The objective of this study is to create an open-source system which predicts afferent output and can be validated with non-invasive, easily measured experimental data. sEMG is a simple, non-invasive procedure. Because the project aims to create a system, there is no independent and dependent variable, nor a hypothesis based on a relationship between those variables. However, paired t-tests (alpha = 0.05) between the system’s predicted and physiologically expected afferent output, as well as the same test between the system’s predicted and experimental afferent output from the “study of interest” will be run.
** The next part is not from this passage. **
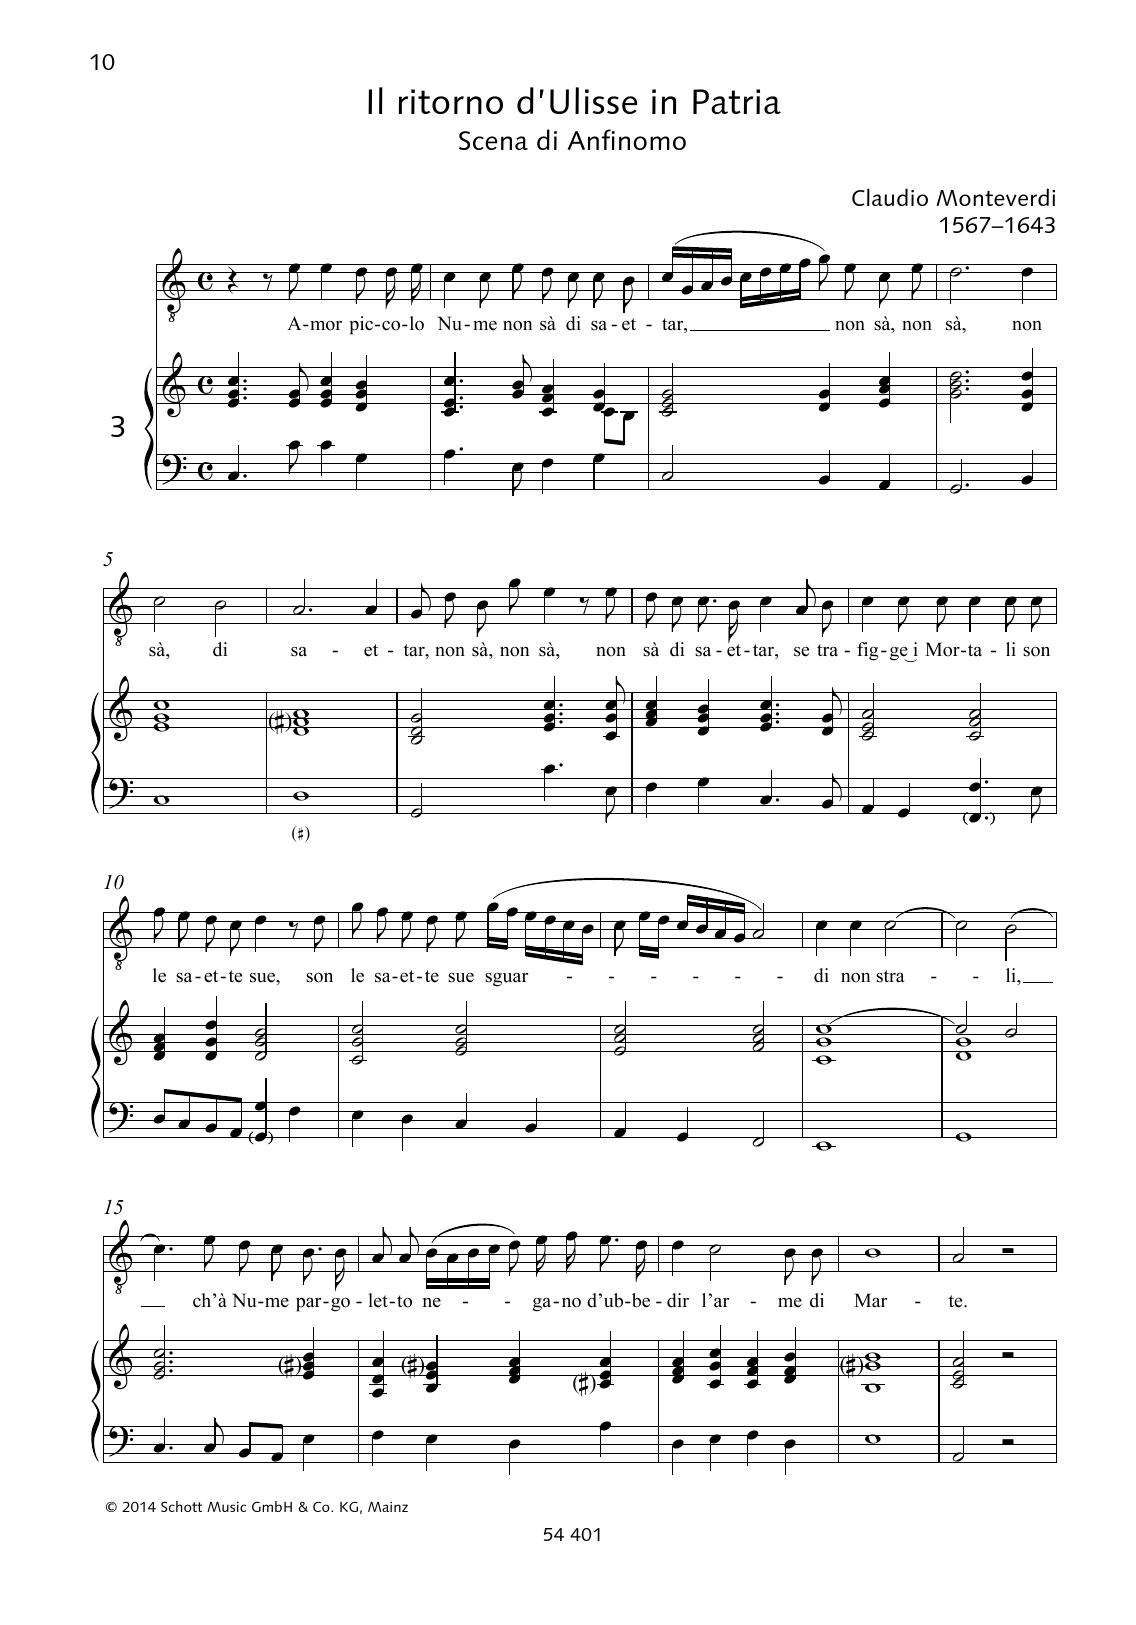 Claudio Monteverdi Amor piccolo Nume non sà di saettar sheet music preview music notes and score for Piano & Vocal including 2 page(s)

The experimental hypothesis is that experimentally measured afferent output is correlated with the system’s predicted afferent output.

Methods & Materials

sEMG Recording Setup

To record sEMG data, participants' forearms were washed with soap and water, electrode sites were marked on the participants' skin with pen, rubbed electrode gel (Parker Laboratories; New Jersey, USA; Signagel Electrode Gel) in a 1.9 cm radius around each site, placed surface Ag/AgCl electrodes (ADInstruments; Colorado, USA; MLA1010 Disposable ECG Electrodes) at sites, and recorded sEMG data using the data acquisition software LabChart. To ground sEMG recordings, an electrode was placed on the olecranon; other electrode sites are specified in Fig. 2. ECRB and FCR sEMG electrode placement were modeled on literature recommendations [13]. Ag/AgCl electrodes [2] and electrode gel were used to lower electrode-skin impedance and increase the signal-to-noise ratio. Following SENIAM recommendations, electrodes were secured to the skin with tape, and the inter-electrode distances were 20 mm [16].

sEMG Recording

The participants were instructed to contract his or her muscles as much as they could, also called maximum voluntary contractions (MVCs). Because MVCs training is recommended [17], participants practiced MVCs with forearm muscles in ten-second intervals. For each trial, a video that captured only the participant's arm and a separate video capturing the sEMG values were taken. The participants performed two MVCs for ten seconds, with a ten-second wait after each MVC, and performed each movement of interest ten times consecutively, with a ten-second wait after each set of ten repetitions. After the trials, the participants washed the experimental forearm with soap and water to remove the electrode gel and pen marks.

Offline sEMG processing

In LabChart, each channel was checked at 0.2 mV magnification for any abnormal sections or sinusoidal signals at 60 Hz, 120 Hz, or other multiples of 60 Hz, noise which would have been from nearby machines. No sinusoidal signals were present due to the online passive RC lowpass filter (cutoff frequency of 50 Hz) on each channel, and abnormal sections were removed from the array of sEMG. sEMG was then passed through a 34th order Hamming-window highpass filter (0.10 cutoff frequency), rectified, smoothed with a root mean square (RMS) linear envelope (increment of 1 ms, a window size of 1000 s), and normalized to the maximum voltage that occurred during the two MVC phases of sEMG recording. That maximum voltage is different for each muscle and movement. See Fig. 4 for an example of sEMG processing in the FCU muscle during a set of ten ulnar deviations in trial 3.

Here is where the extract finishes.